Менее бывалого такие приветствия свалили бы с ног или даже загнали в госпиталь, а громкие вопли этих достойных офицеров не раз пугали как вражеских солдат ещё до боя, так диких животных. Эрик же вырос среди таких громогласных, способных перекрикивать орудия монументальных людей, с детства привыкнув к их грубоватым шуткам и своеобразному обращению. Чтобы не мешать чинно ужинающим старшим офицерам, компания удалилась в дальний зал, где подавали больше горячительные напитки, чем горячие блюда, звучала музыка и веселился разнообразный служилый люд.
Эрику пришлось рассказывать о своих приключениях, исключая те, что нельзя рассказать даже гвардейским офицерам. Военные в империи всегда много путешествовали, однако, хвала всевышнему, больших войн давно не было, оттого рассказы о жителях Небесных гор или скачках в пустыне Нефуд-Дахи пользовались большой популярностью. Аристократы путешествовали в основном в Объединённые королевства, реже на восток в Княжество Маратхов, рассказывая потом о своих приключениях волшебные сказки, такие россказни всем надоели, а вот гремящие вулканы или обычаи северных аборигенов вызывали бурный интерес.

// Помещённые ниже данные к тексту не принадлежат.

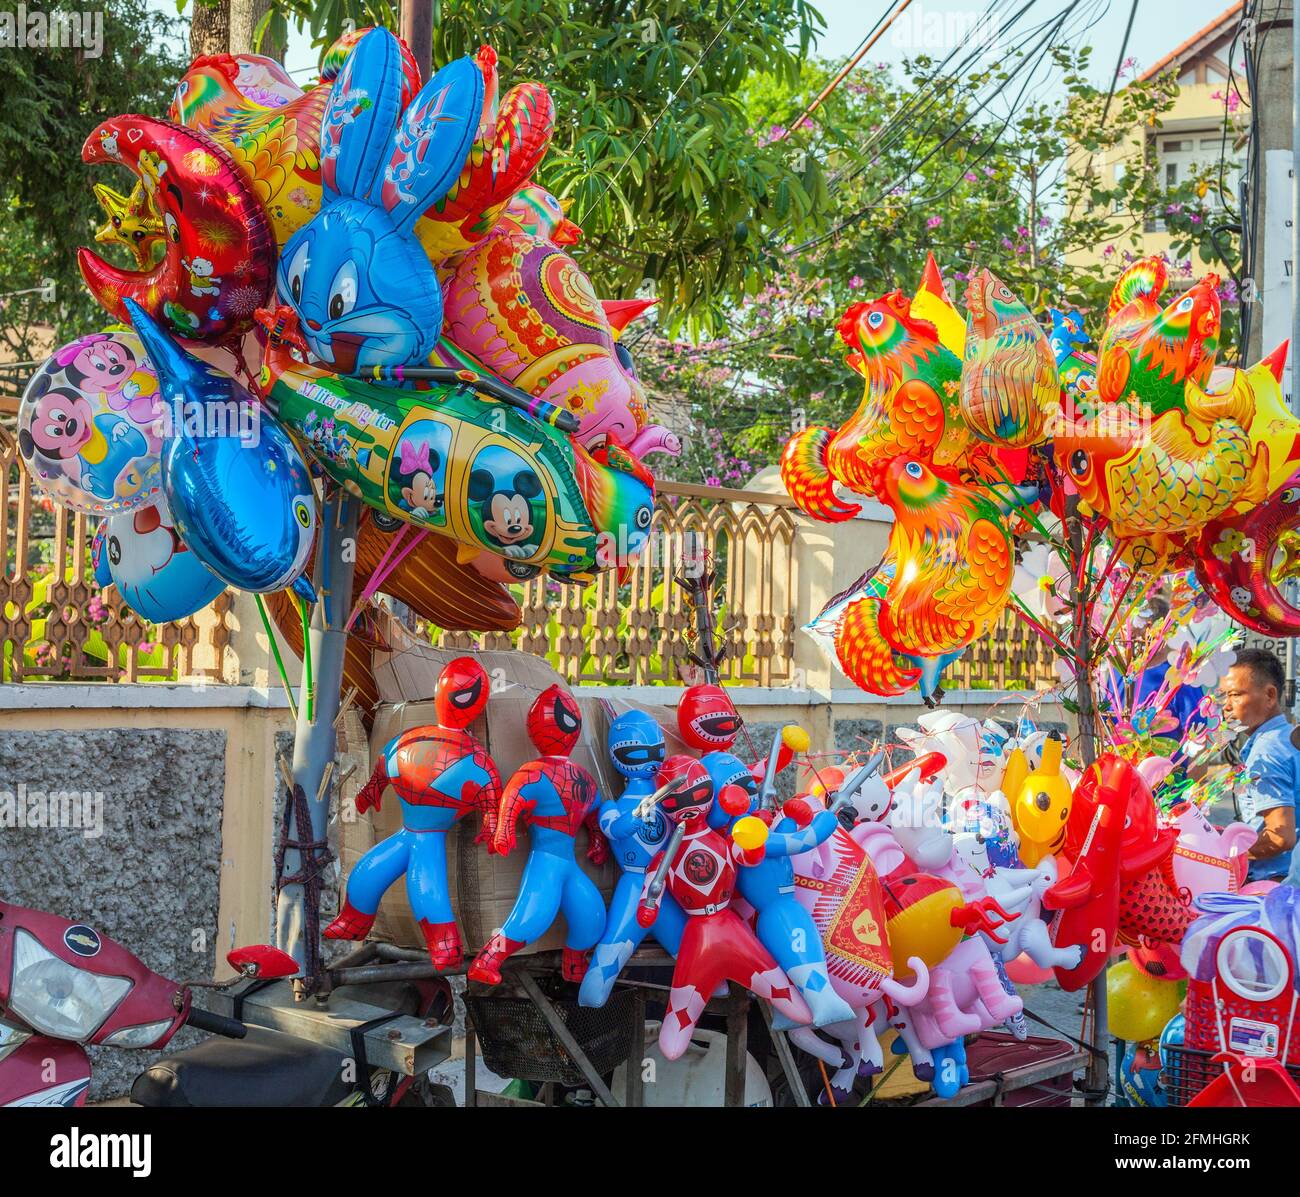 Grosses ballons colorés en vente sur le trottoir, Hoi an, Vietnam Banque D'Images

Так, что Эрик на время сделался центром внимания, кто-то бывал там, кто-то здесь, а вот человека исколесившего почти всю империю нечасто доводится видеть. Тем более пограничников уважали за их отличную выучку и боеспособность, Эрика считали за очень правильного человека, раз уж променял кавалергардские блистательные эполеты на зелёненькие погоны трудяги-погранца. О своём неожиданном возвращении и переходе в другую службу тоже пришлось рассказывать.
– …ну, вот я и приказал жандармам… – сказал Эрик намного громче, чем хотелось бы.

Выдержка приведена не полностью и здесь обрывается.